• REQUIRED ACTION: Write out the entire listing below exactly as it appears, minus any pictures.

• INFORMATION PROVIDED:
◇ ◇ ◇ ◇ ◇ ◇ ◇

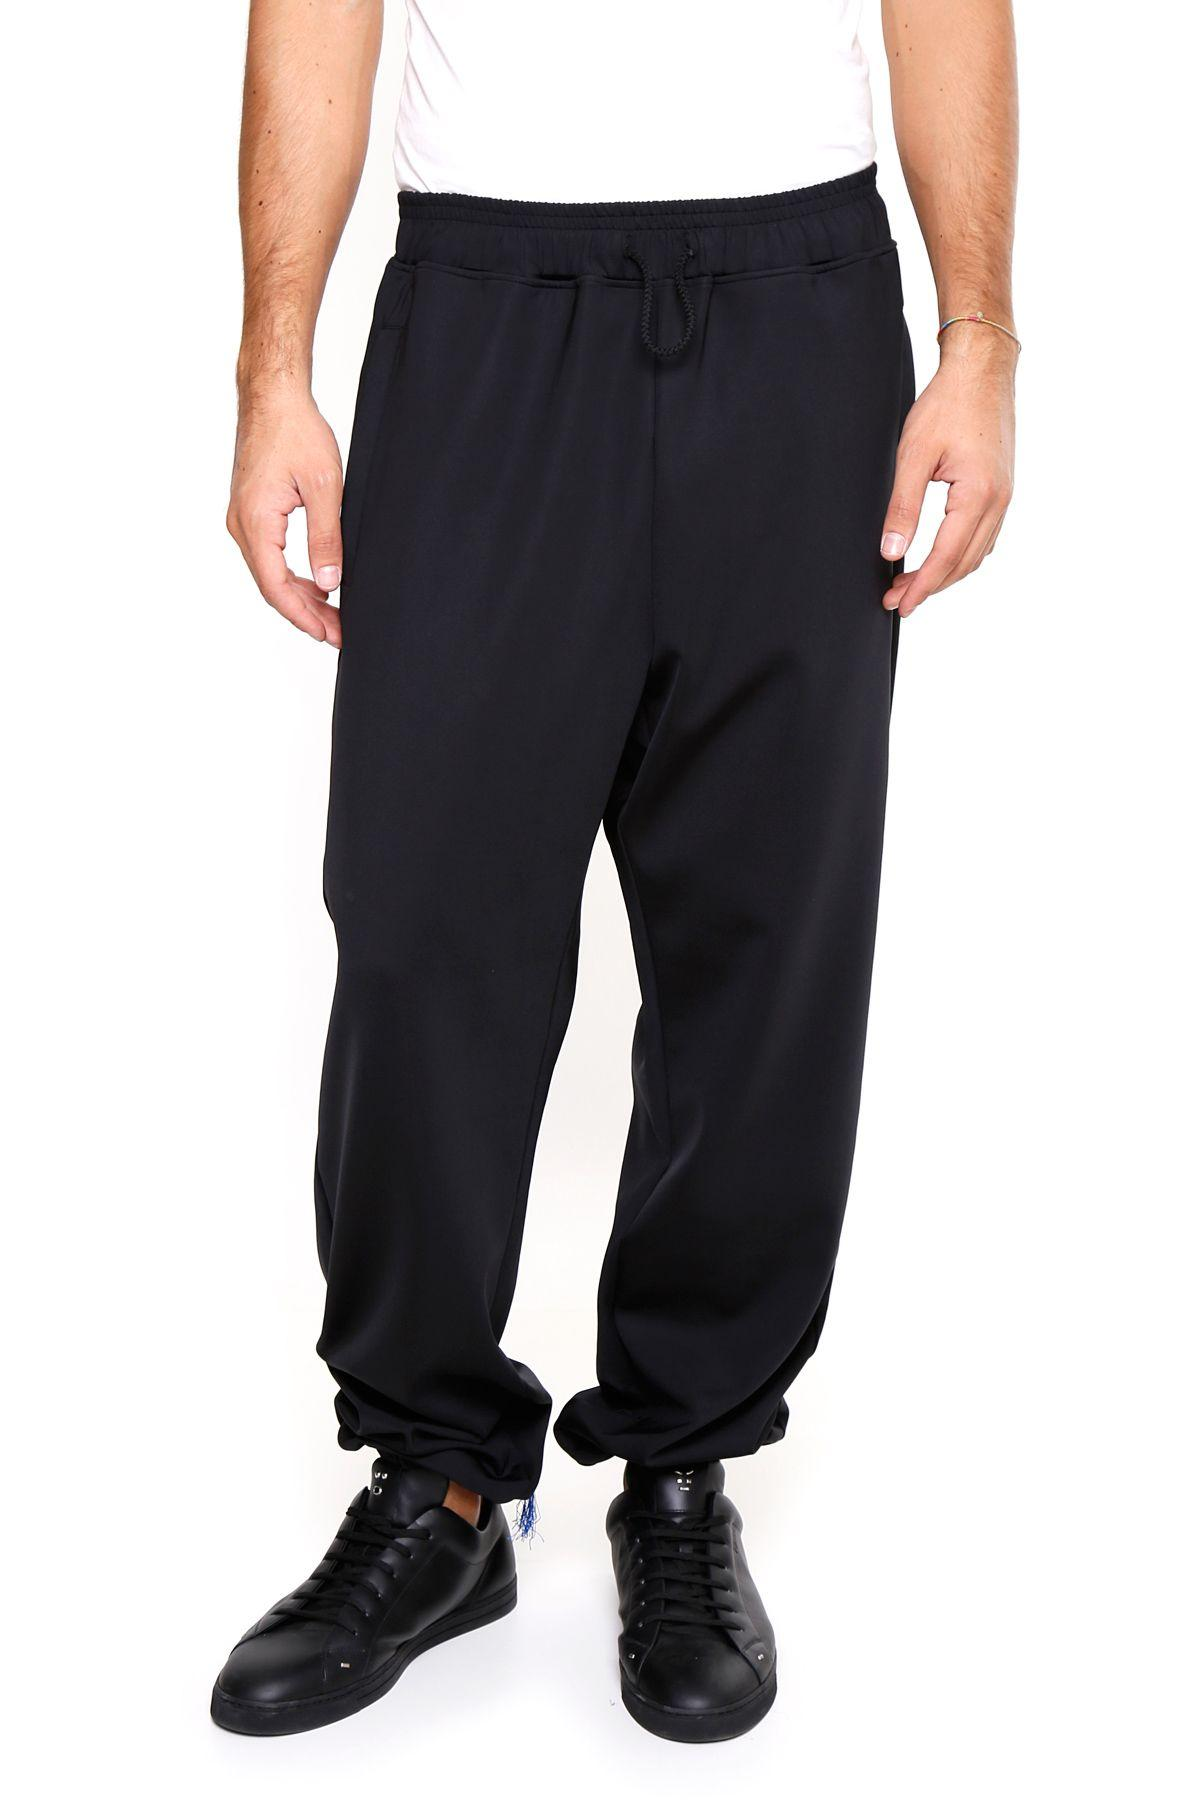 Golden Goose Sam Sweatpants In Black|nero
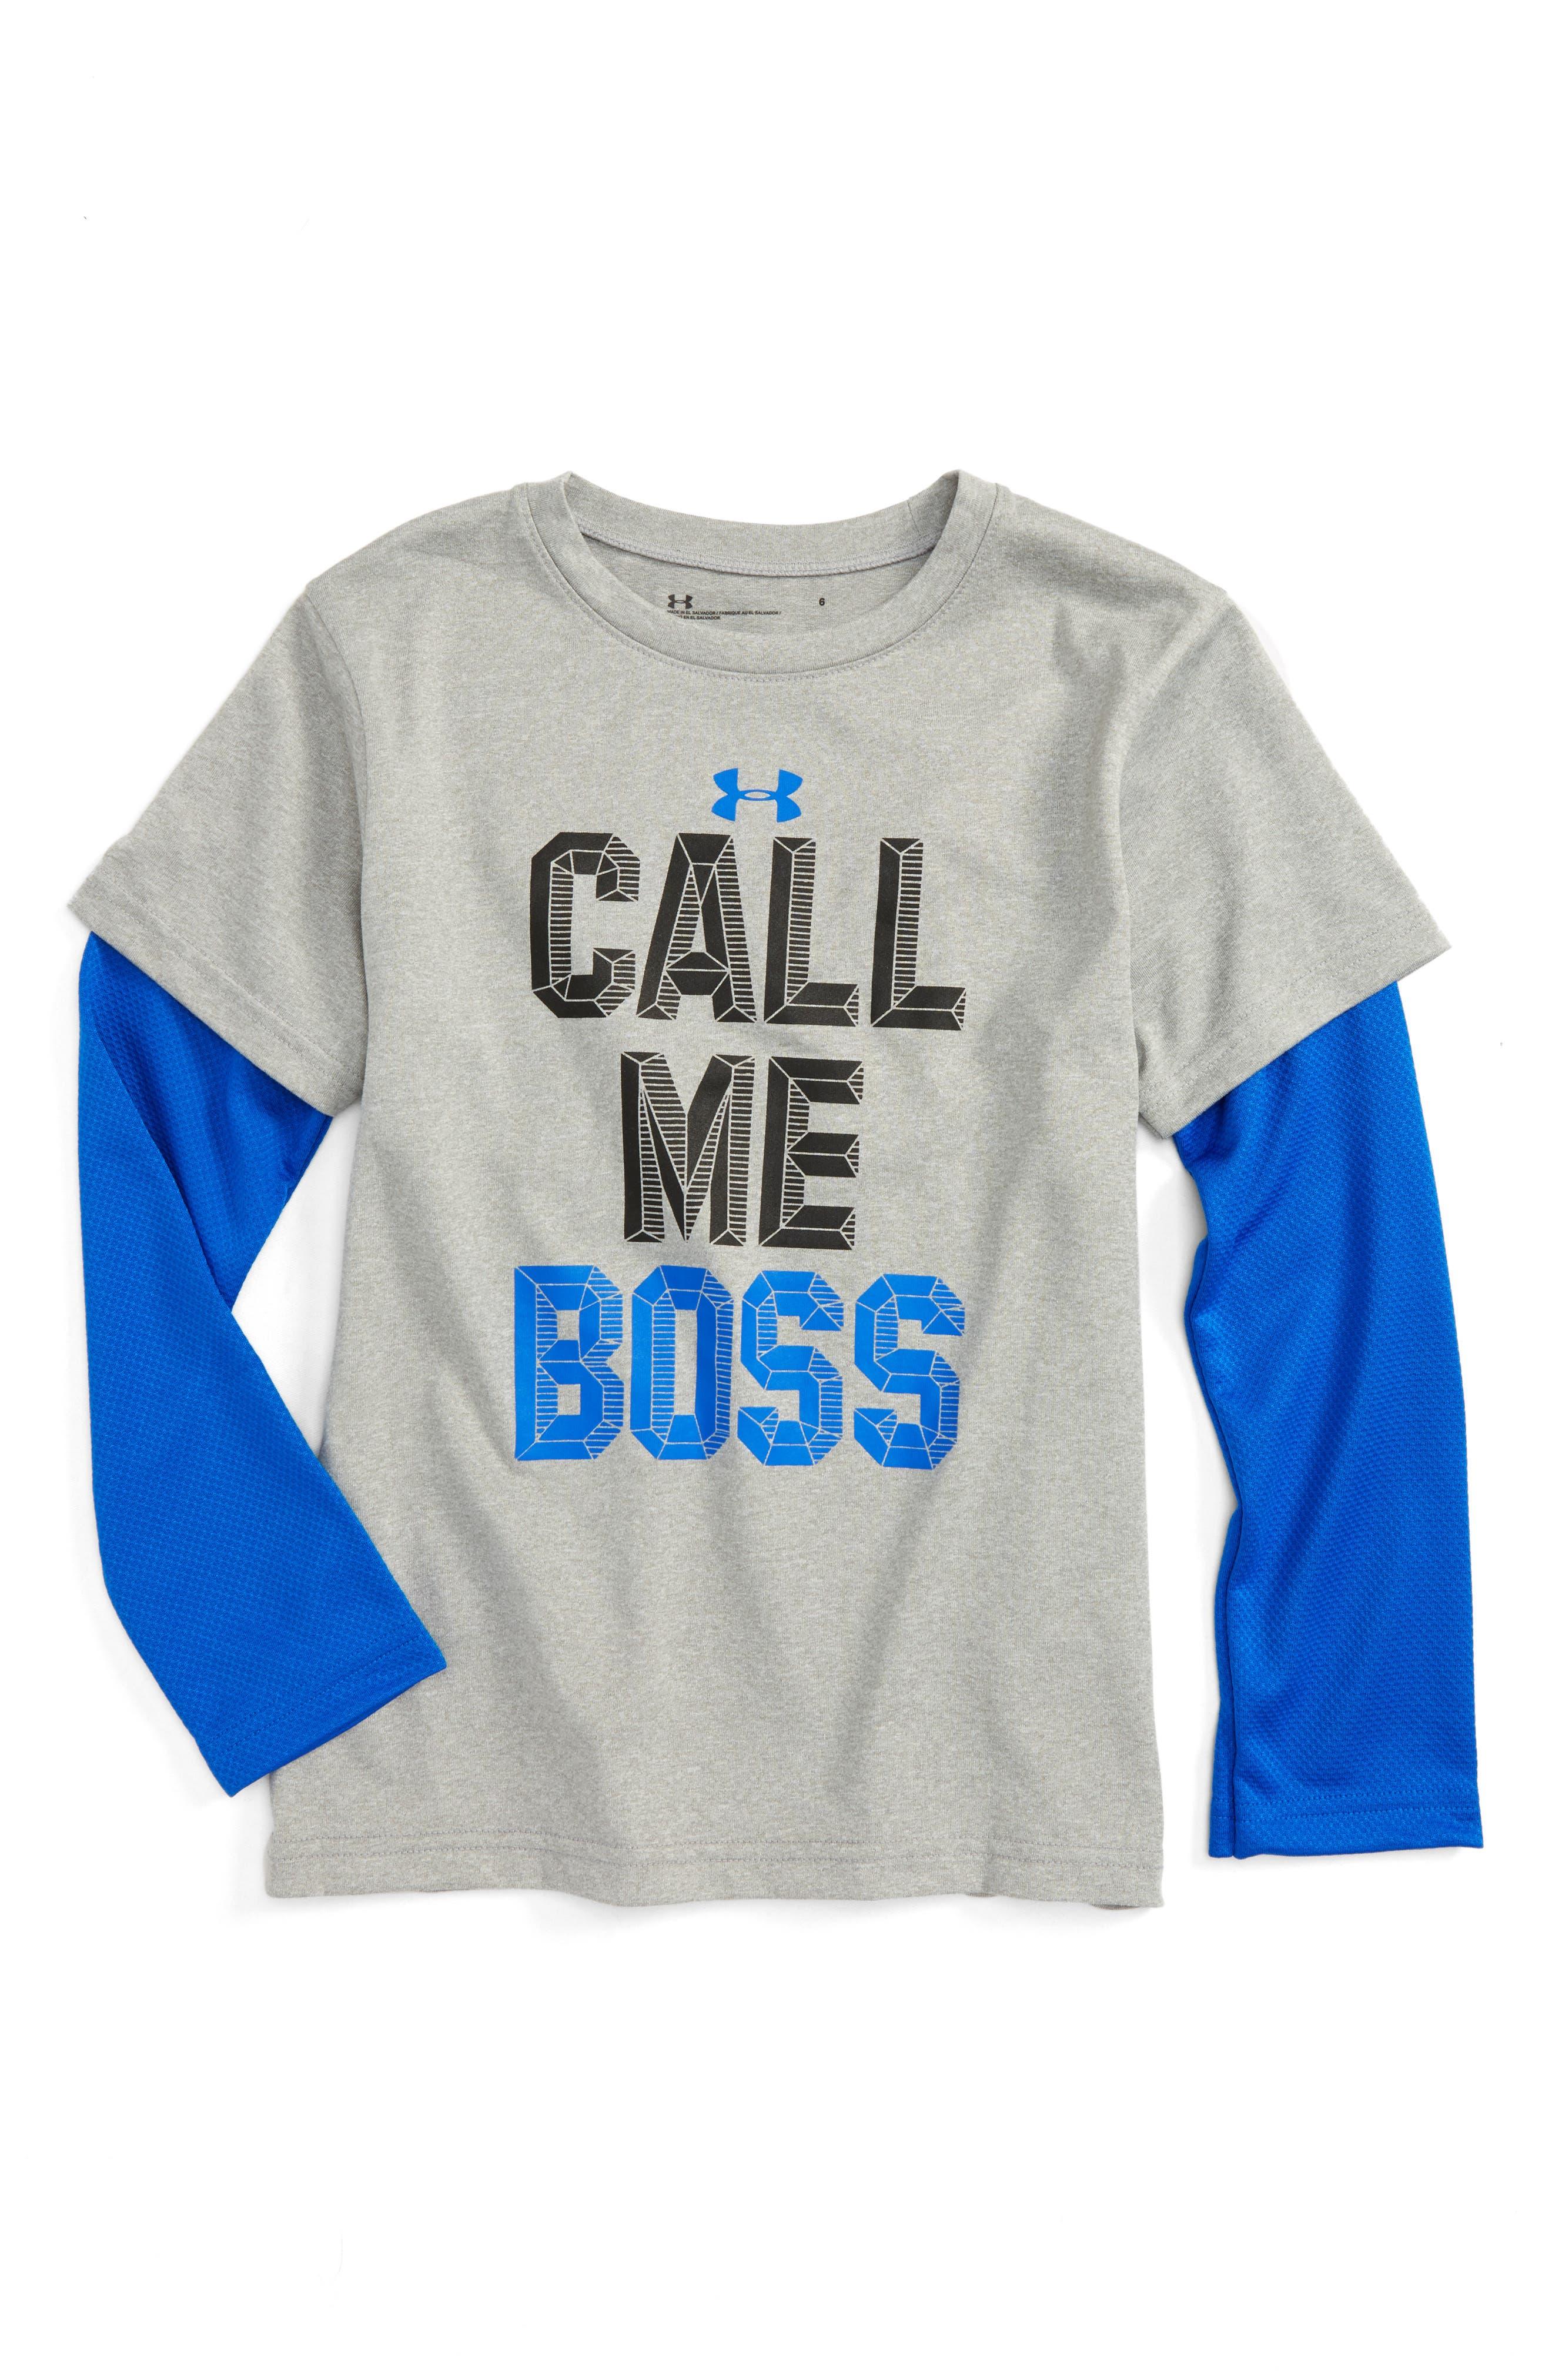 Main Image - Under Armour Call Me Boss - Slider Layered T-Shirt (Toddler Boys & Little Boys)
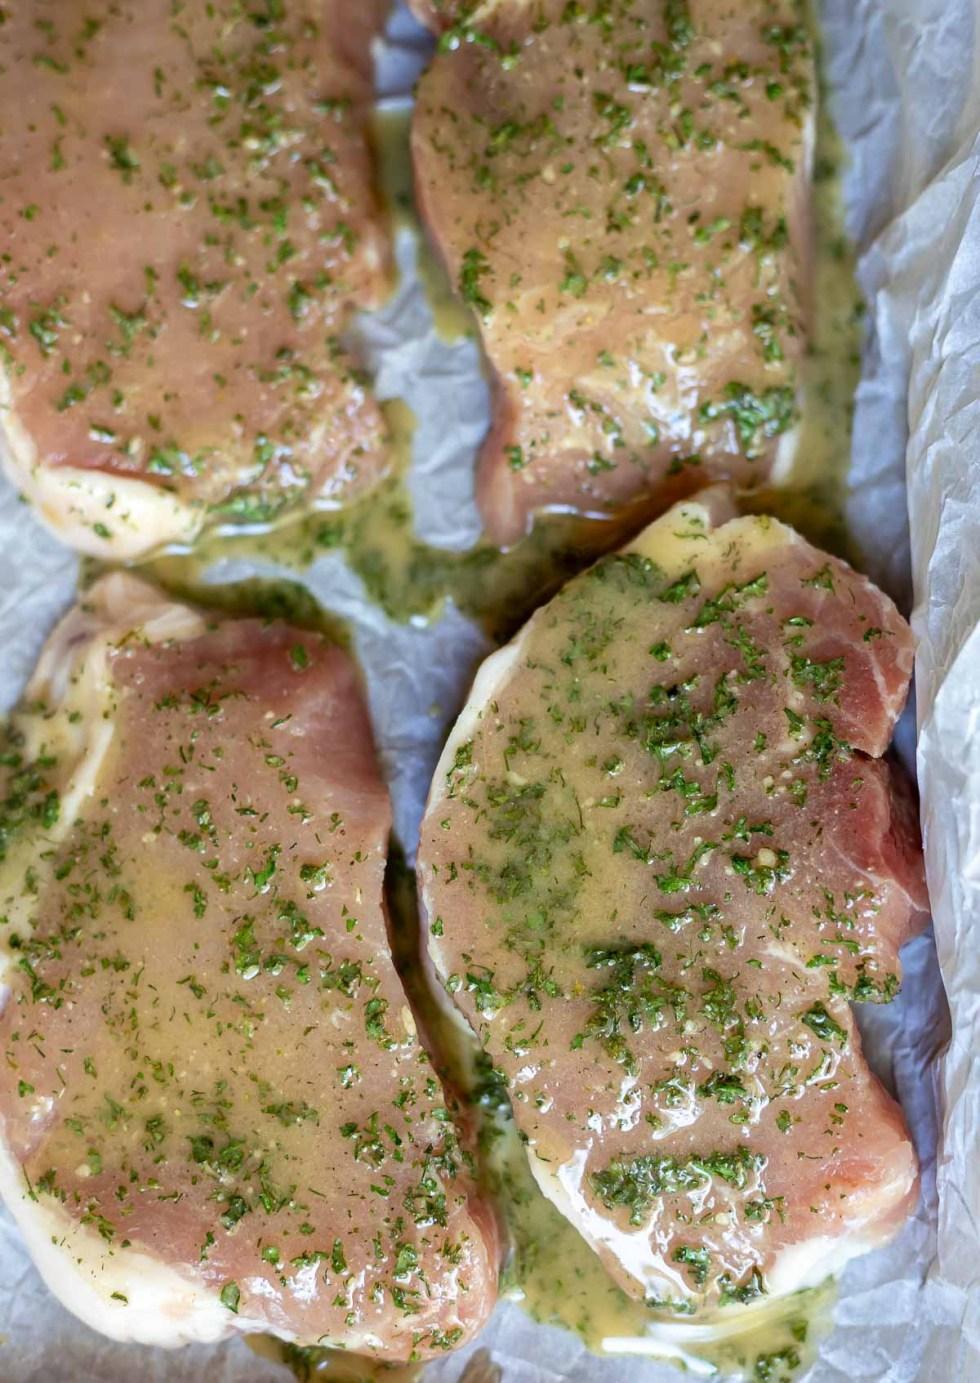 raw pork chops coated with seasoning
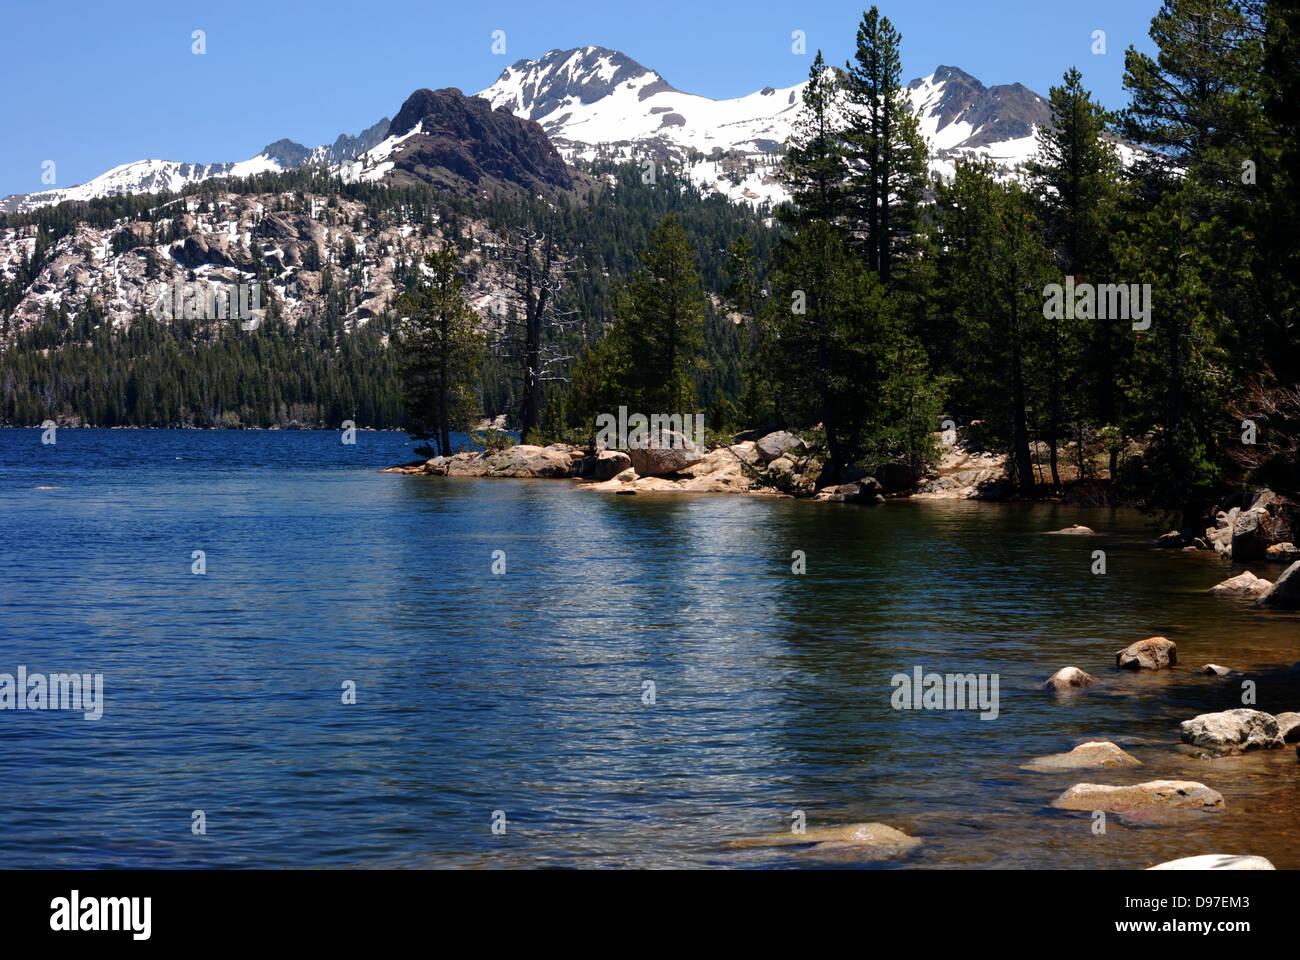 Caples lake near kirkwood california stock photo for Kirkwood login

◇ ◇ ◇ ◇ ◇ ◇ ◇

• SOLUTION FOR THIS EXERCISE:
 Golden Goose Sam Sweatpants In Black|nero
 Main Image - Under Armour Call Me Boss - Slider Layered T-Shirt (Toddler Boys & Little Boys)
 raw pork chops coated with seasoning
 Caples lake near kirkwood california stock photo for Kirkwood login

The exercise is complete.